__EXTRACTED ENTRIES__.
──────────────────────────────

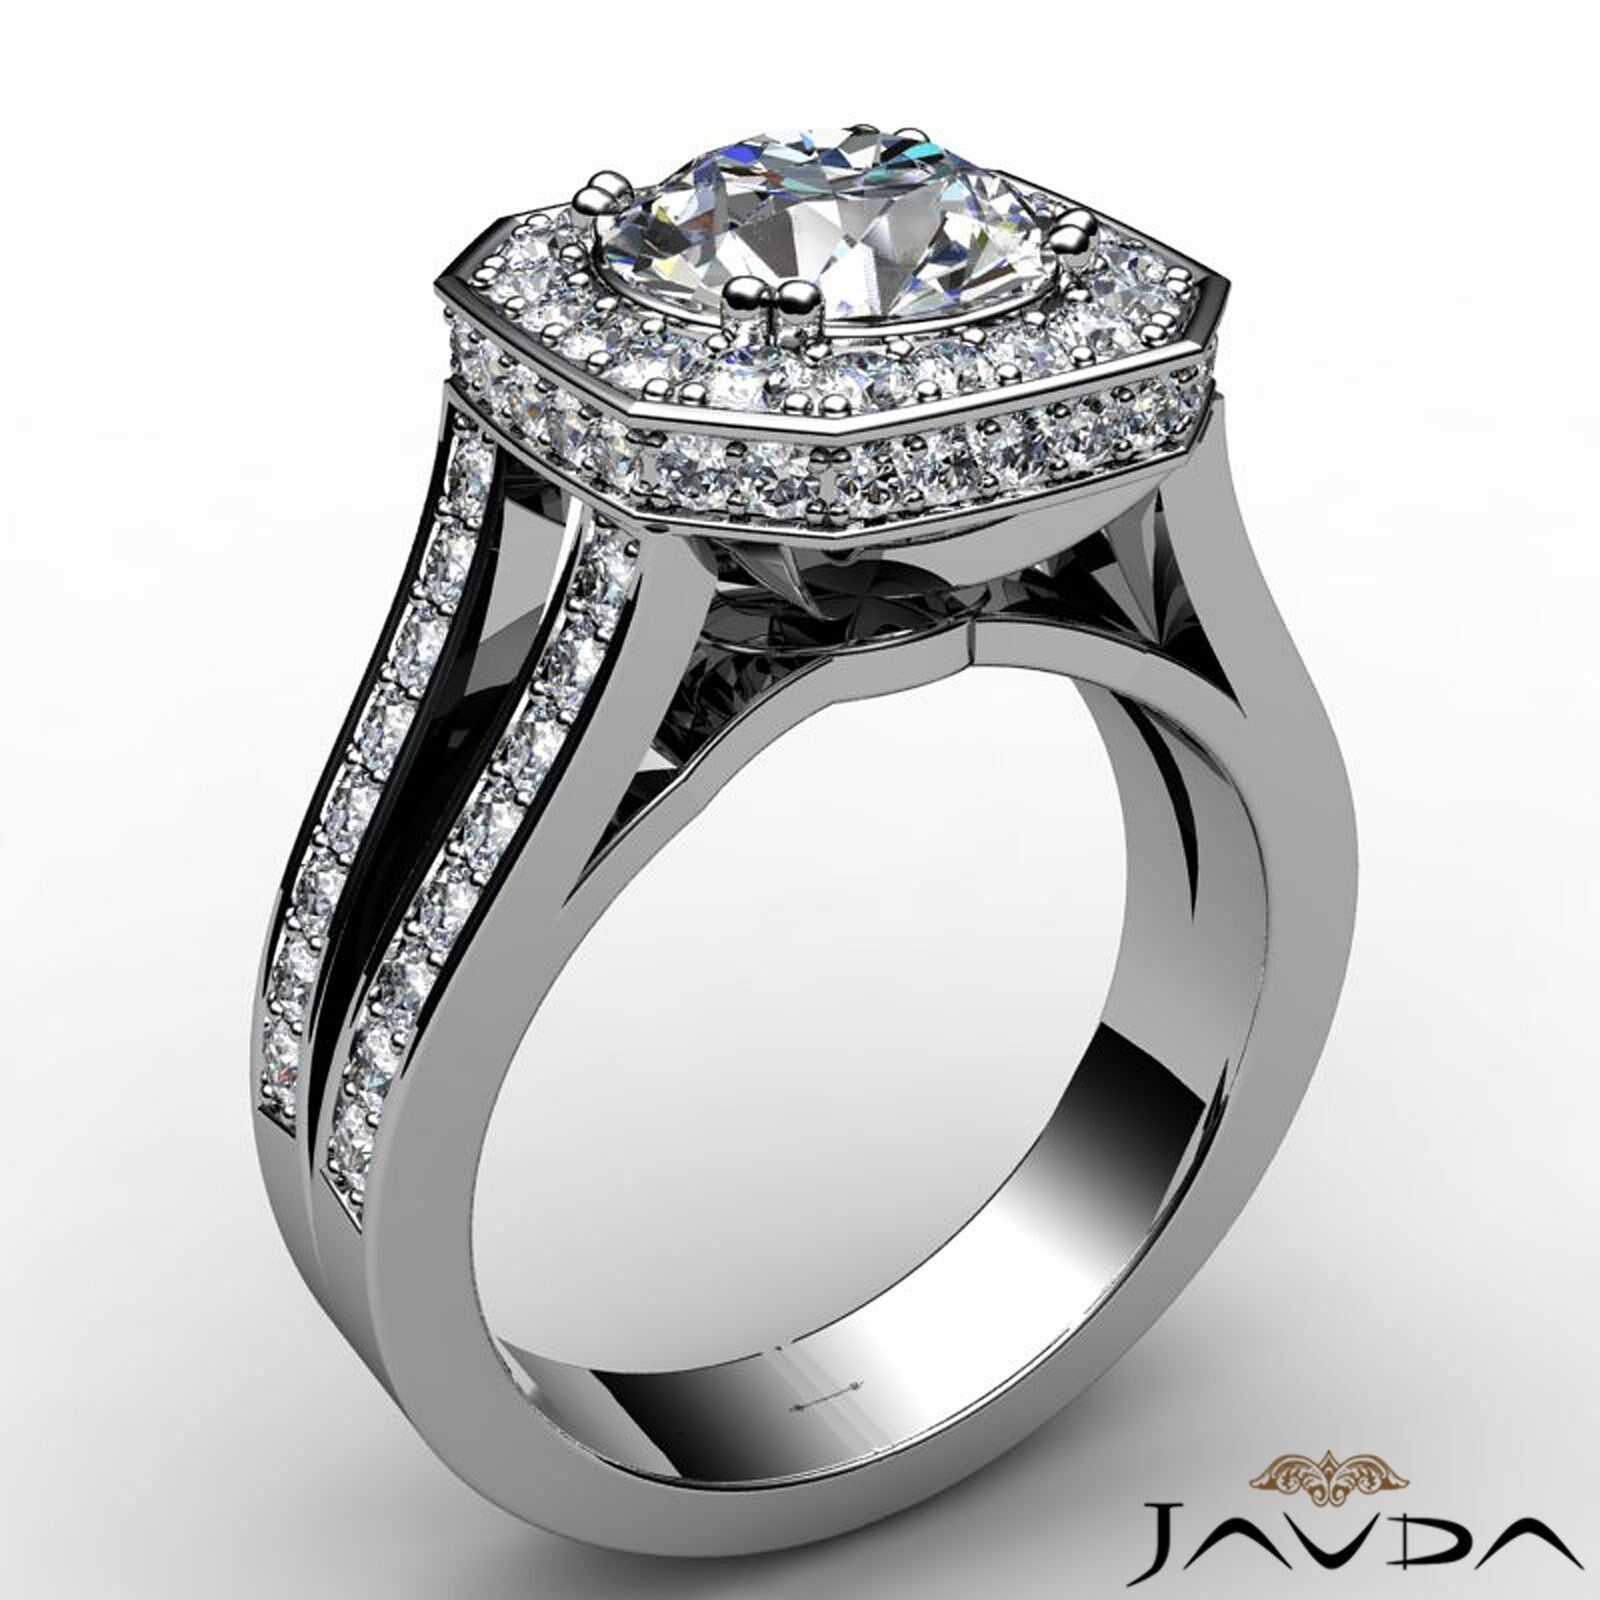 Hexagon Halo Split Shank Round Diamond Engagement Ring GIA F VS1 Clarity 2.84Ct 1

──────────────────────────────

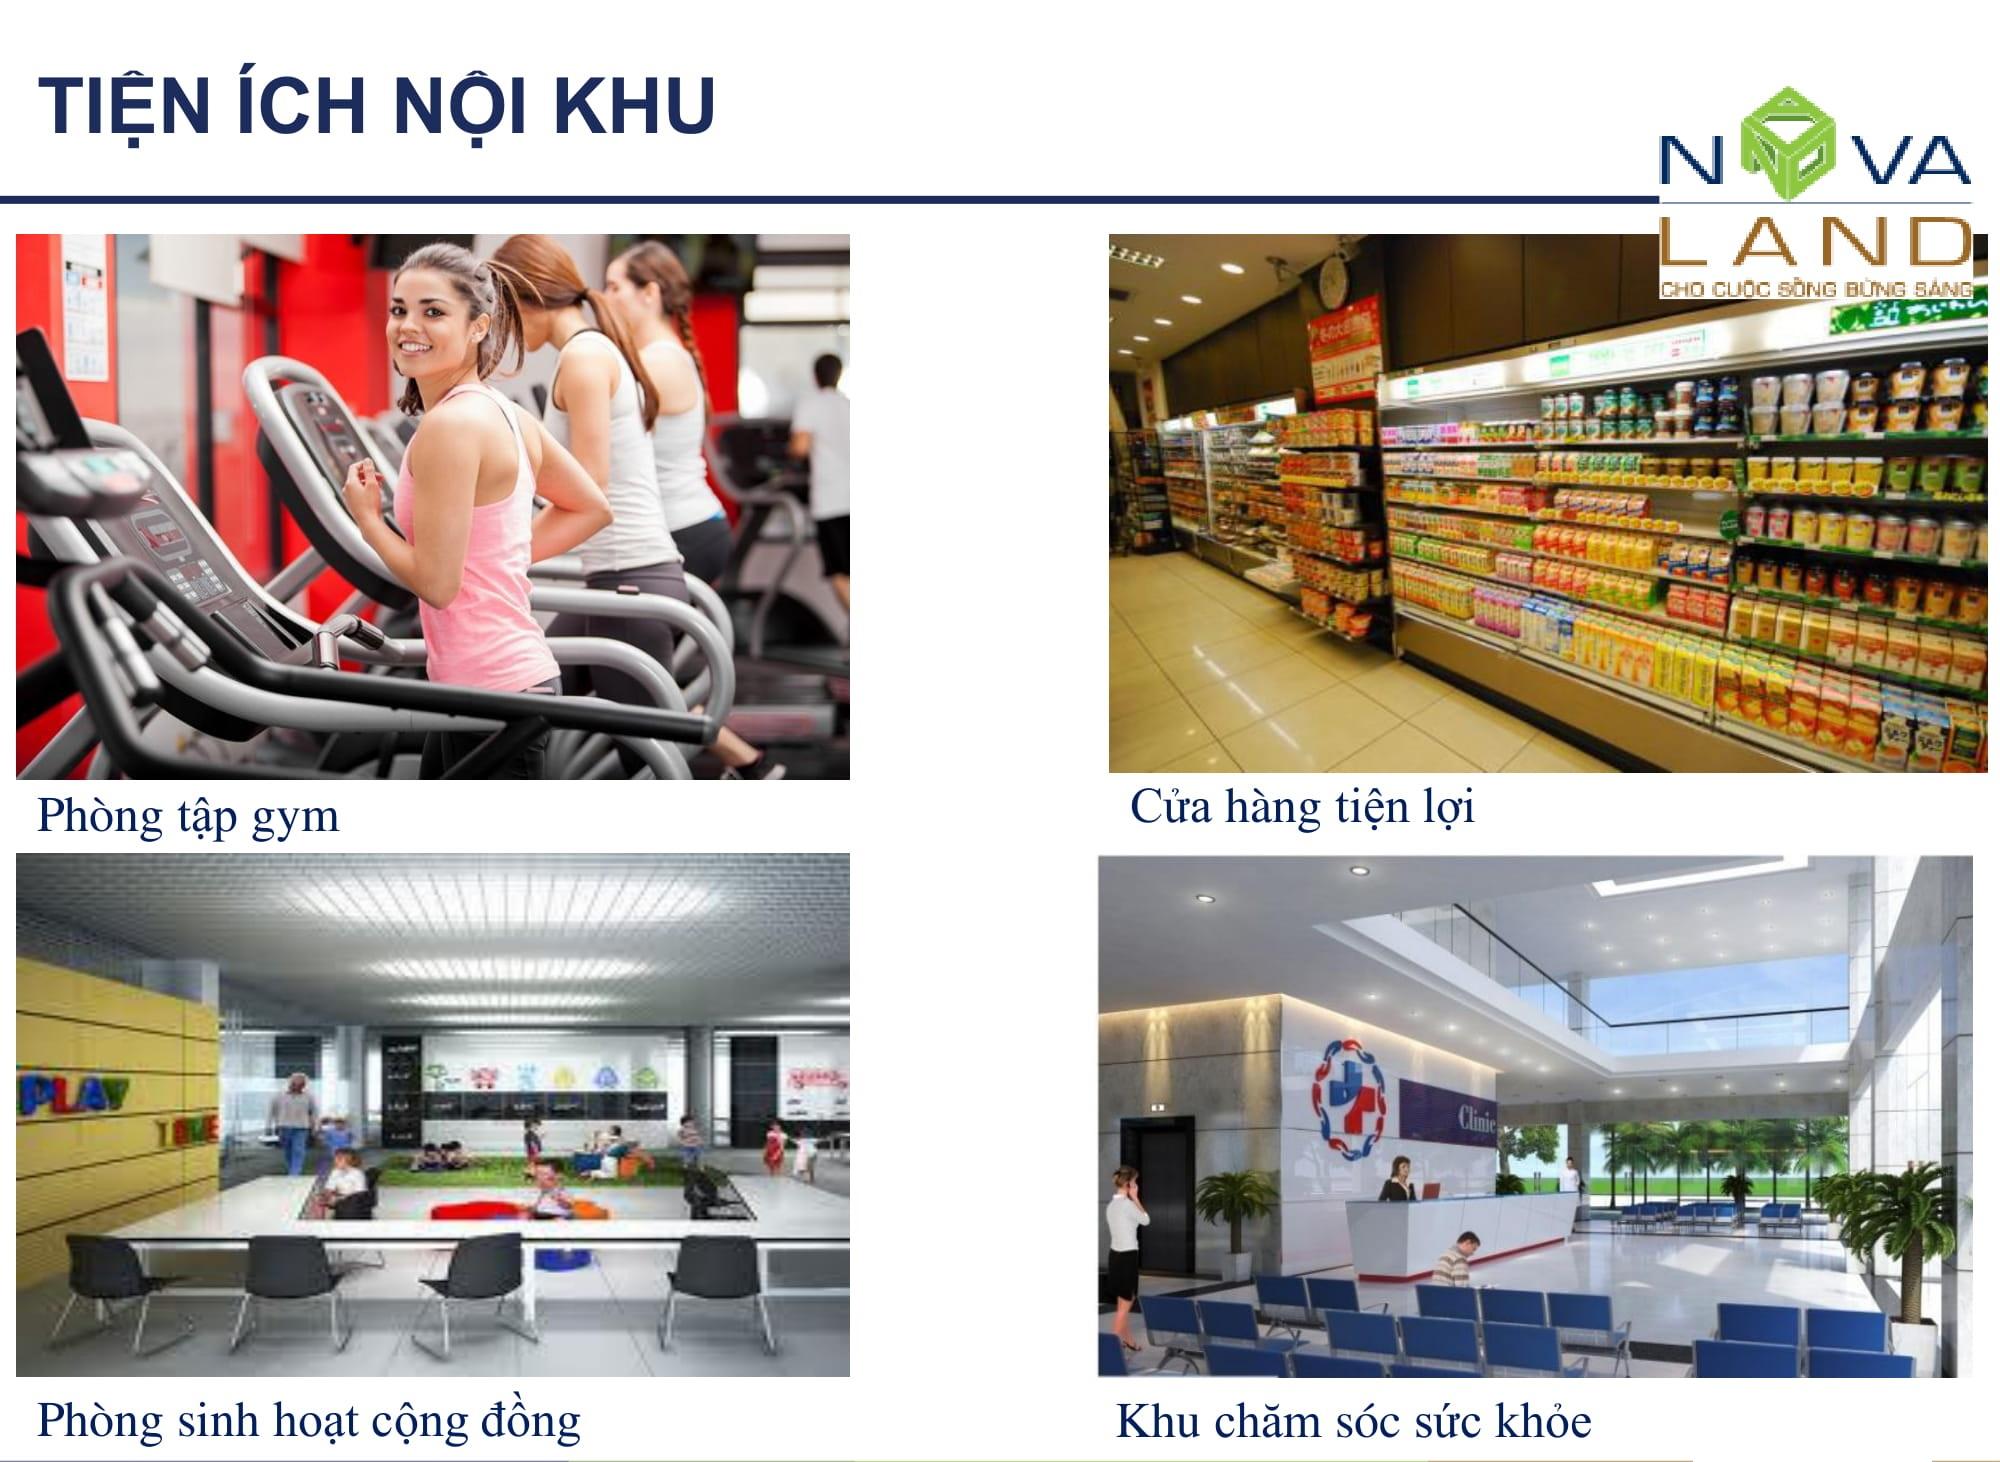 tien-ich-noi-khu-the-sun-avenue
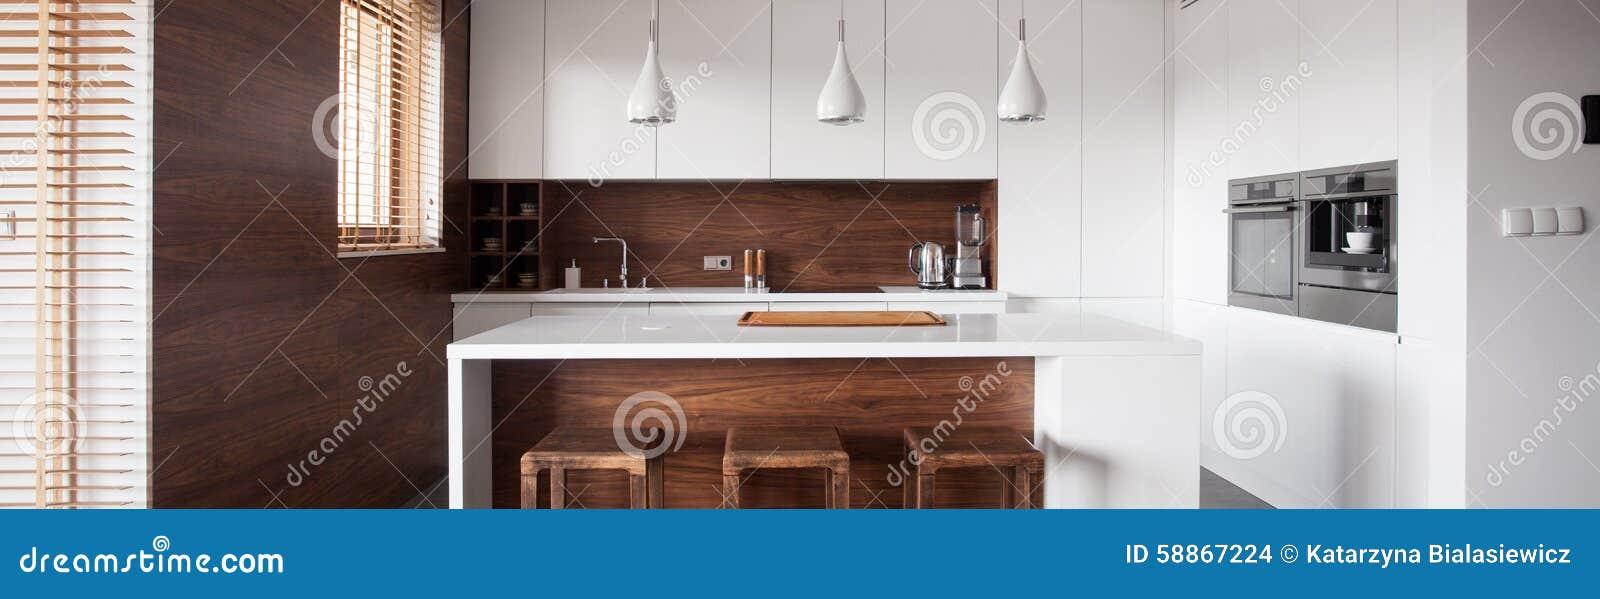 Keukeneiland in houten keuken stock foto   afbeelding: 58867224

──────────────────────────────

__PROBLEM__.
Once the line with "tien-ich-noi-khu-the-sun-avenue" has been found above, output that line and every later line exactly, stopping after the line with "Keukeneiland in houten", and omit the pictures.

__ANSWER TO THIS PROBLEM__.
 tien-ich-noi-khu-the-sun-avenue
 Keukeneiland in houten keuken stock foto   afbeelding: 58867224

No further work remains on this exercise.